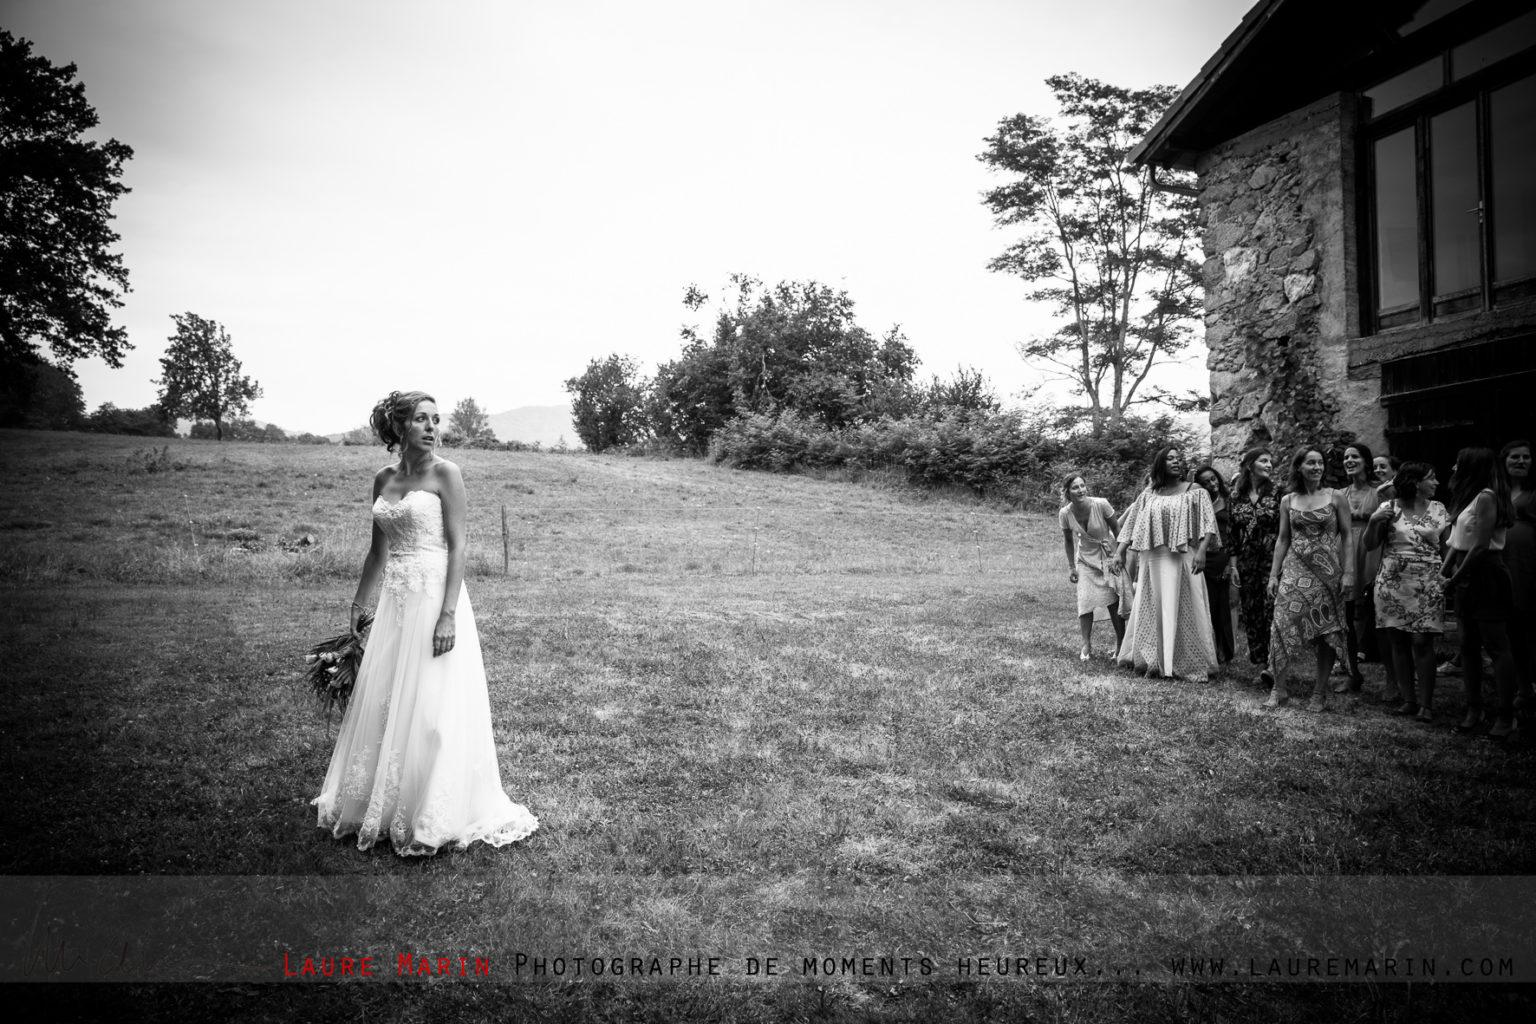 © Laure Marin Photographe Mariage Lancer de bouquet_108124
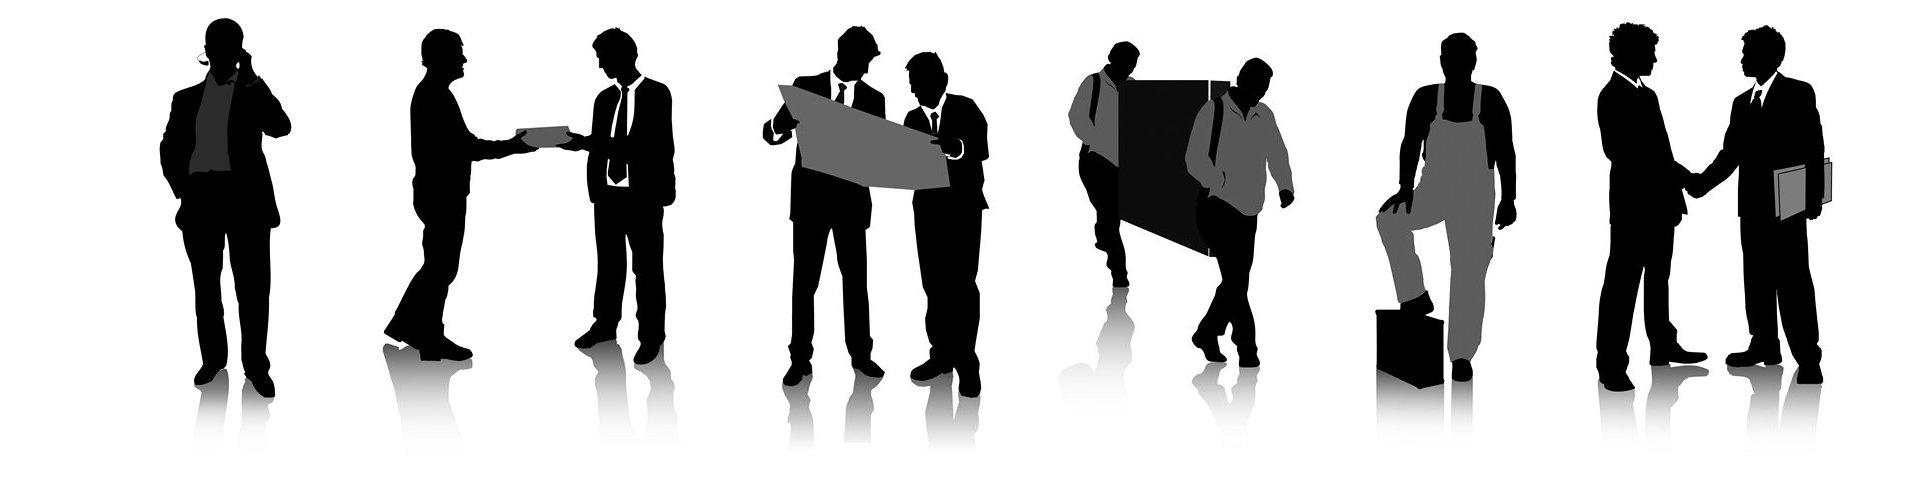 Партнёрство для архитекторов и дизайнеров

◇ ◇ ◇ ◇

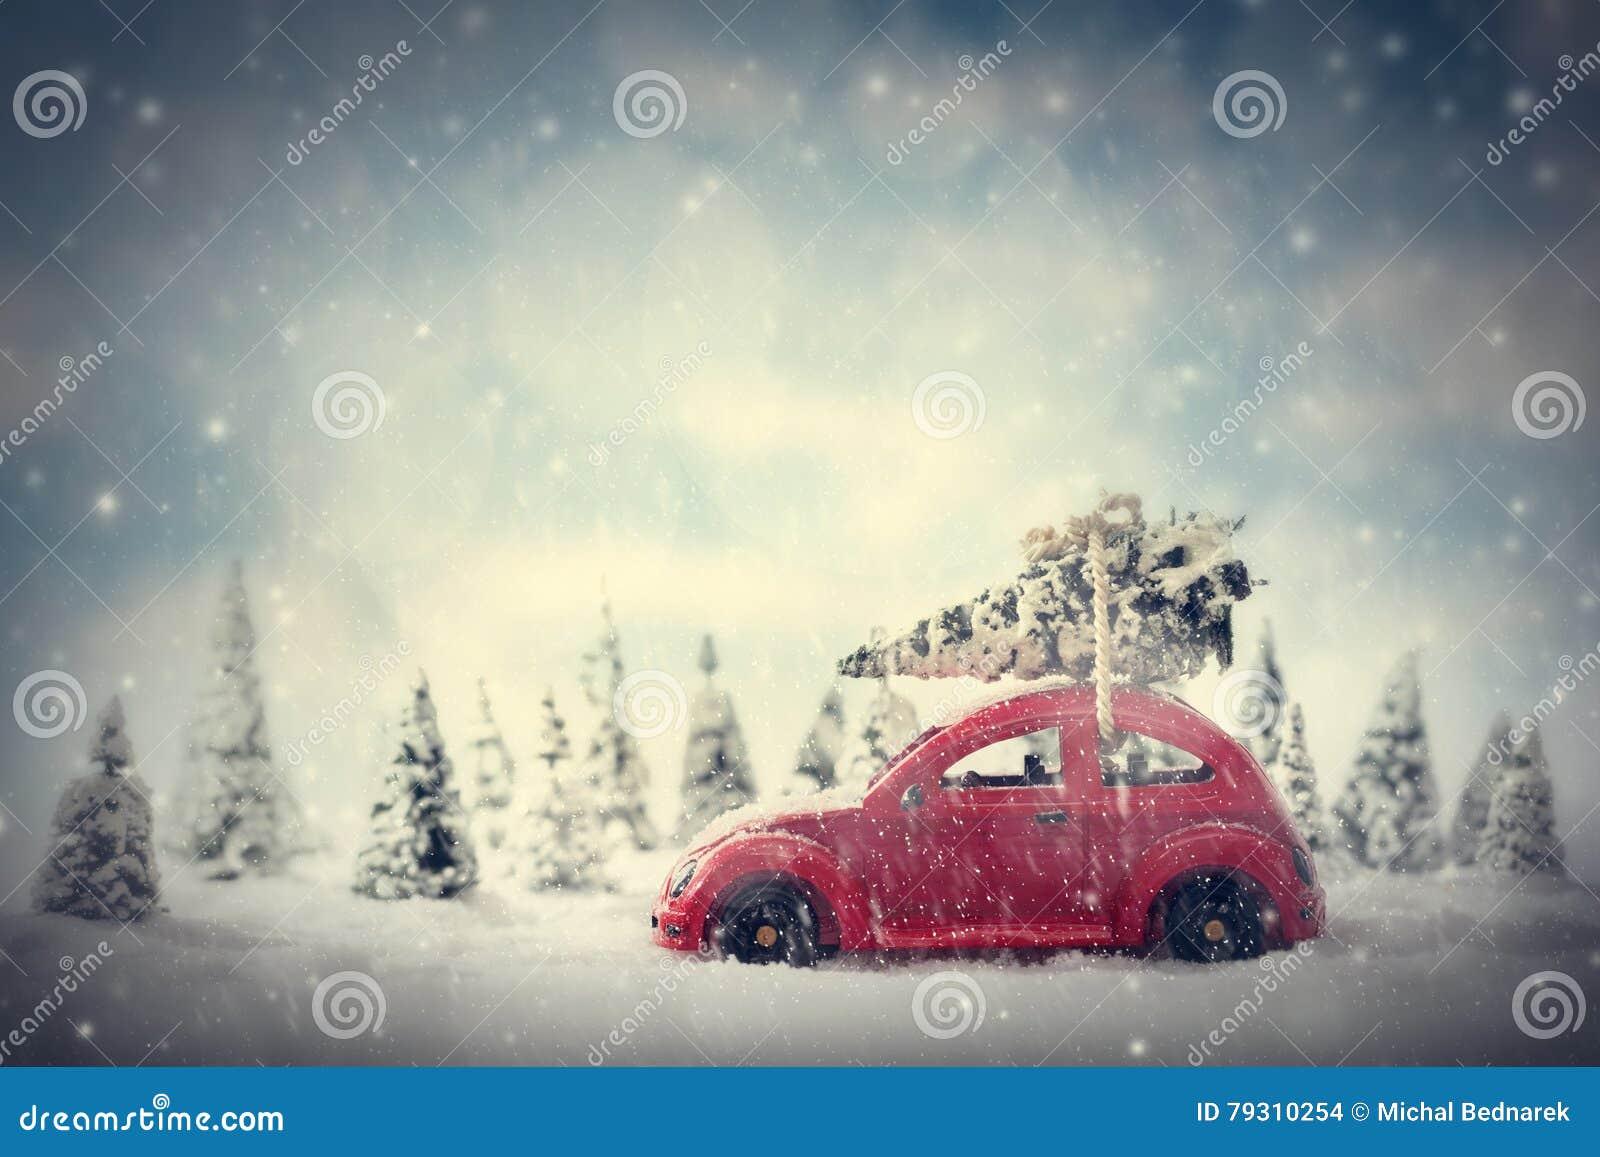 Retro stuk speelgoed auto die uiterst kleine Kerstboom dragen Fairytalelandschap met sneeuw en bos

◇ ◇ ◇ ◇

**Requirement**
Look above for the line containing "Lancer de bouquet_108124", then write out every line from there down to the line containing "Партнёрство для архитекторов и дизайнеров", that line included, with no pictures.

**Answer to this problem**
 © Laure Marin Photographe Mariage Lancer de bouquet_108124
 Партнёрство для архитекторов и дизайнеров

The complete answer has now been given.